Foundation, Concrete and Earthquake Engineering

How does Reinforced Concrete Protect Nuclear Power Plants against Terrorist Attack?

After twin tower collapsed by terrorist attack, it is seriously studied that how nuclear power plants in United States are safe. In this post I shall discuss how the infrastructure of reactor itself and surrounding structures will response when a terrorist air plane or hijacked plane impacts the nuclear power plants. 

A nuclear power plant's containment structure, which encloses the nuclear reactor, is only a few dozen meters in diameter, very much smaller (and therefore difficult to aim at) than the WTC's towers, which represent a volume larger than a NPP's containment structure by a factor of 100 (at least).

A nuclear power plant's containment structure consists in a more or less 1 meter thick wall of very thick and heavy reinforced concrete : much more resistant than the windows and not-so-thick metallic structures of the WTC.

U S nuclear power plant
U S nuclear power plant
If the airplane hits other buildings on the site around it, other than the containment structure, the reactor will automatically stop due to the many independant and automatic security systems (even, in most cases, if the control room was destroyed).

If the airplane hits the side of the circular concrete containement structure (at an angle significantly less than 90°), it will probably just bounce off the side and hardly damage the external structure at all, because the containment structure in most power plants is very heavy, thick and strong and has a more or less circular form (reinforced concrete). 

If the airplane hits the top of the containment structure, it will probably not directly damage the vital structures of the core of the reactor which are, in most installations, located much lower, in the bottom part, or at middle height in the reactor building, and the reactor will stop automatically (the automatic protection against earth-quakes will be activated by the impact). 

If the airplane hits the containment structure in it's middle-height or lower part, which isn't easy because there are many other (non-nuclear) buildings around a nuclear power plant, it will the need to get through not only the very thick external containment, but also several successive reinforced concrete walls (about 20 to 40 centimeters thick each), on most nuclear power plants, before reaching the heart of the reactor itself. The probability that pieces of a large airplane make their way through all these successive walls isn't so certain.
Twin tower collapsed by terrorist attack
Twin tower collapsed by terrorist attack
- terrorist attacks or plane accidents are in fact taken in consideration when designing nuclear power plants, but only to resist the crash of small airplanes. A large airplane at full speed as in the case of the WTC, may produce some damage to the containment structure and, perhaps, to the reactor itself. 

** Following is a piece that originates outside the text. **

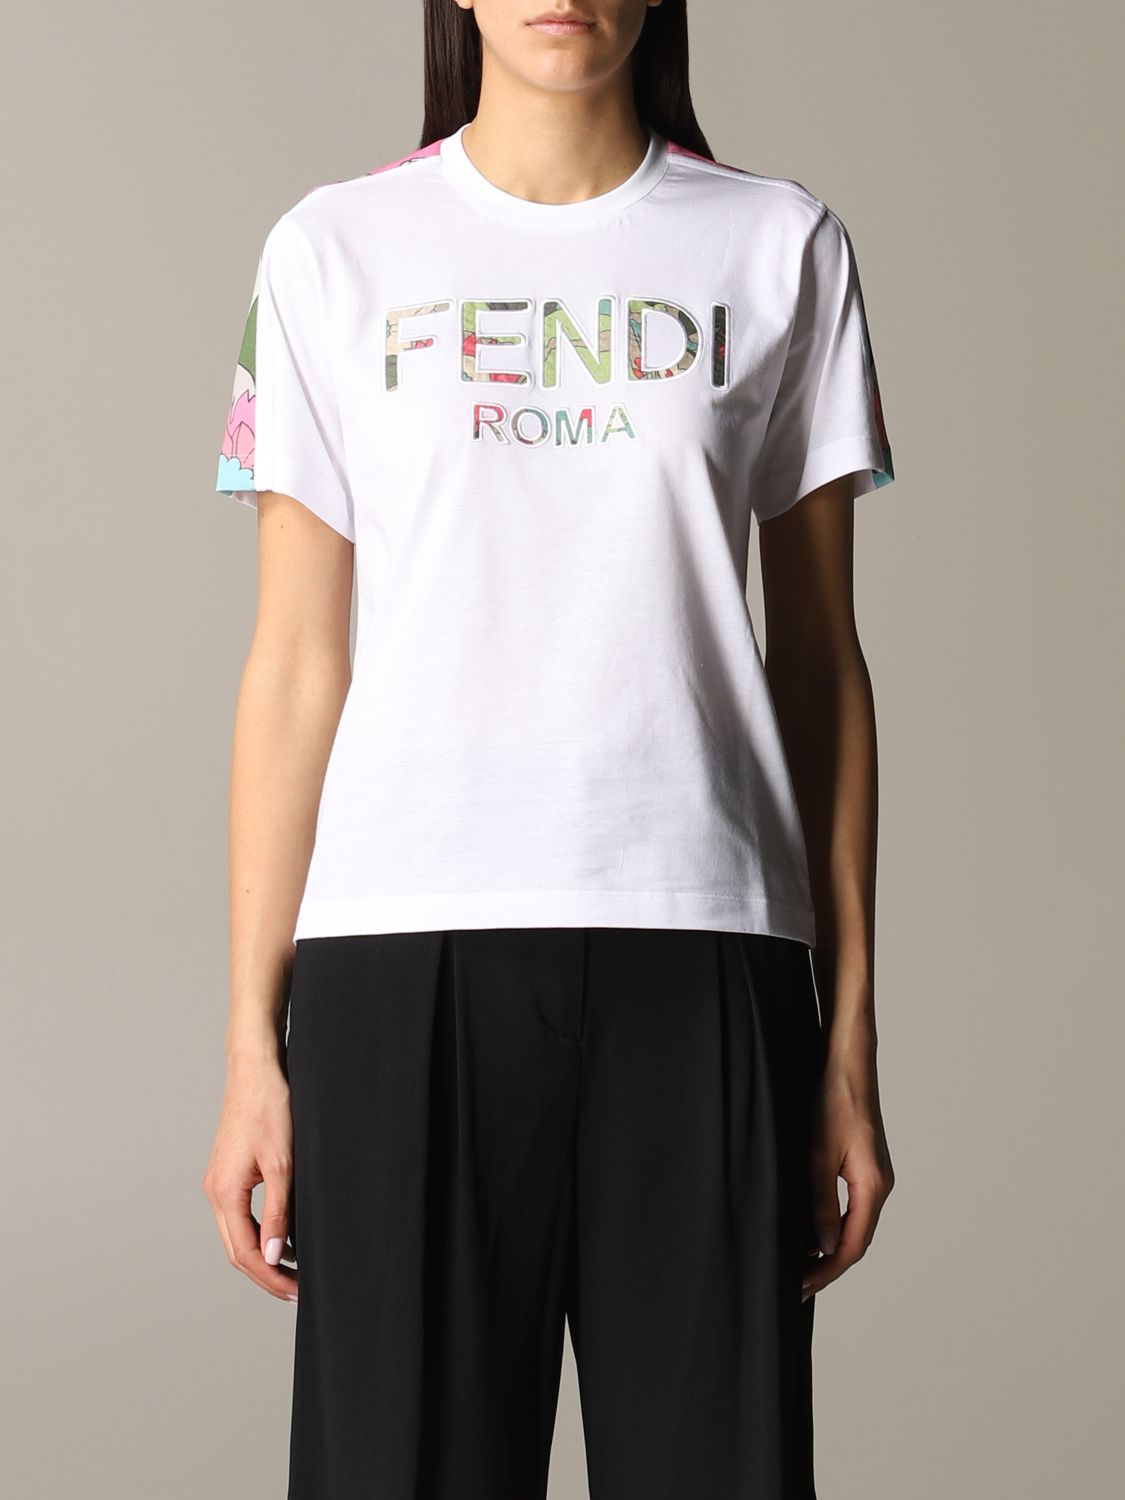 Fendi T Shirt White Outlet, 53% OFF | www.gruposincom.es

Thus if these following if’s are happened simultaneously: 

-if the plane doesn't miss the NPP 

-if it hits the concrete containment exactly on the middle, not on the sides 

-if it strikes the containment structure not too high and not too low 

-if it gets through the containment structure 

-if it damages both the (small in volume) core of the reactor or a vital part of the primary circuit), 

-if it also damages several or all the multiple redundant safety systems 

then a bad accident MAY perhaps happen.